We understand the importance of our customers’ thoughts and ideas, but what does your brand do to effectively build a customer journey map?
In today’s hyper-competitive landscape, it’s all about learning from our customer interactions before, during and after the sale. The problem is we often make erroneous assumptions that don’t align with our customer’s reality.
Additionally, it’s easy to fall behind on meeting our constantly growing customer expectations and meeting them with a great and ever-changing customer experience.
Your customer journey map describes your customer’s path from the moment your brand enters their awareness through the in-store experience, purchase and post sale. Creating a customer journey map gives you a high-level overview of all of the touchpoints between brand and customer.
Customer journey maps increasingly appear in omni-channel initiatives to ensure the customer experience is consistent across all channels. Mapping out these journeys are invaluable to marketing and customer experience efforts.
But all too often, brands and retailers attempt to understand customers and don’t learn true and valuable frustrations. It’s easy to make assumptions that don’t align with our customers’ reality.
Instead, we have a lot of data about our customers’ experience, but have no way to put the insights into action.
Addressing the Long-Term Customer Journey Map Solution
Retail is relatively stable over the short-term. Brick and mortar stores and the majority of customers aren’t going to disappear in the next year or two. The National Retail Federation even expects a rise of 4.1% in holiday retail spend compared to the previous year’s 3.5% growth. Over time, it will become apparent which brands and retailers decided to tackle the hard questions.
To understand how we can drive brand innovation through the adoption of up-to-date best practices, let’s investigate the process of modern customer experience design, starting with the customer journey map.
Planning Out the Customer Journey Map
To make this easier, we made up a fictional 500-store business called David’s Doors–a retailer selling commercial and residential doors–to plan our customer journey map. Its typical customers are building owners and contractors and we know they sell doors in stores and BOPIS (buy online, pick-up in store).
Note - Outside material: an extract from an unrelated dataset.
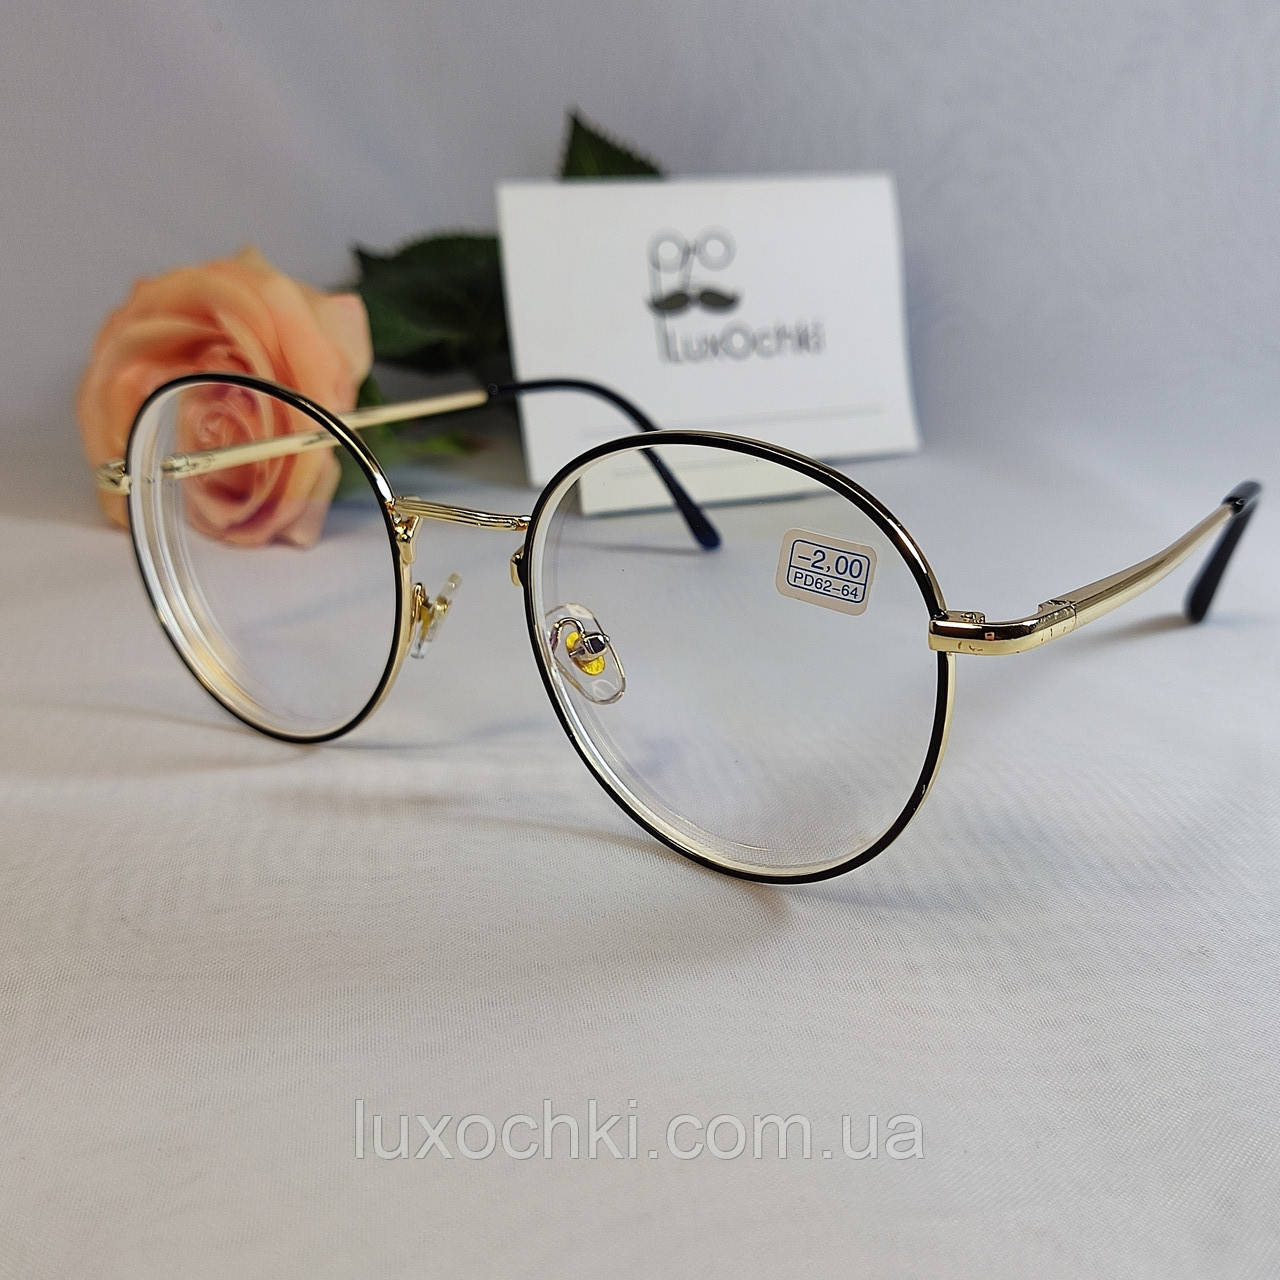 -3.0 Готовые минусовые круглые очки для коррекции зрения в тонкой металлической оправе
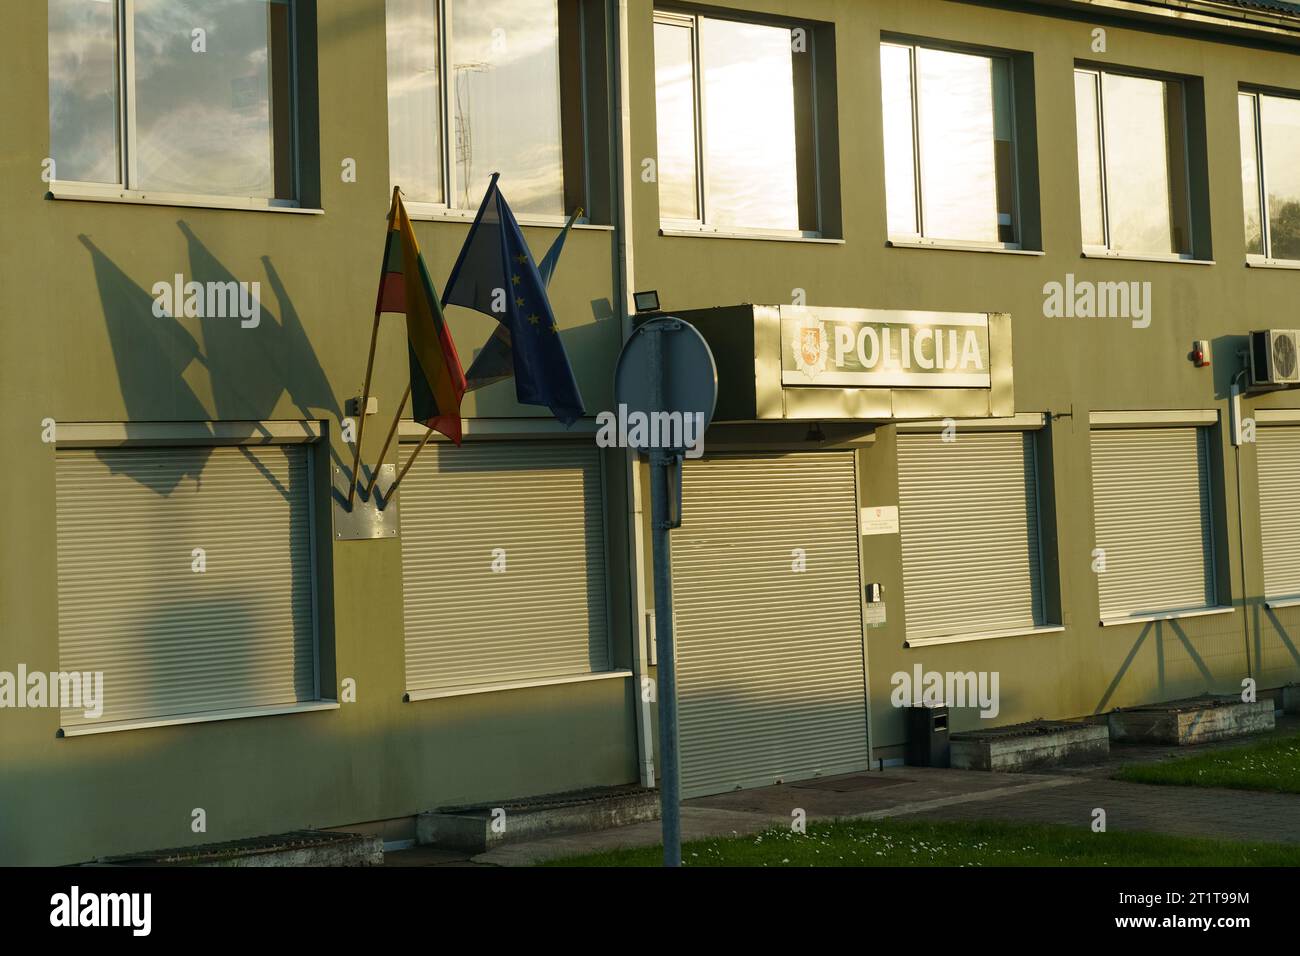 Le bâtiment du poste de police avec un panneau - la police et les drapeaux de la Lituanie et de l'Union européenne accrochés au bâtiment. Ressources administratives. Banque D'Images

This company also sells hardware for doors and door installation services. David’s Doors average daily revenue per store is $5,000 and concerned with stagnating sales, they’ve recently commissioned an internal project team to create a customer experience report.
As part of this report, the project team generated a customer journey map:
The customer journey map details the customer’s experience beginning with their brand awareness, through the purchase process and post-sale. During the discovery process, the project team generated a list of key questions regarding the current customer’s experience.
As a result of these inquiries, the project team generated a list of recommendations for best practices moving forward, based on the project team’s research into innovators within the industry and industry leaders.
Best Practices for Retail Brands
From a marketing and customer experience perspective, the shift occurring for retail is best described as a sliding scale between driving procedural efficiency and driving customer acquisition and retention. In the traditional retail paradigm, marketing and customer experience campaigns are implemented on a region-by-region and store-by-store basis.
Additionally, these campaigns are based on segmented lists and past data. In the new retail paradigm, marketing and customer experience are implemented on a customer-to-customer basis and based on individual customer data.
Modern marketing is agile and testing is done on shorter cycles with immediate feedback. Highly targeted messages are delivered to individual customers based on their personal data history and through their preferred mode of communication.
Modern customer experience delivers highly personalized experiences and gives the customer the power to define their shopping experience. With online retail trying to outpace brick-and-mortar and customers’ increasing expectation to define their personal shopping experience, brick-and-mortar retailers face increasing pressure to elevate their brand equity and become and remain their target market’s preferred retailer.
The challenge large retailers face is how they can implement this data and the data from their customer maps at scale while also planning to meet their customers’ future needs.
To tackle this challenge, your implementation must be tested thoroughly. The best ways to test your implementation are through customer surveys and mystery shopping programs. Together, they deliver the required data needed to identify problems and ensure that you have captured the customer journey map as your customer experiences it.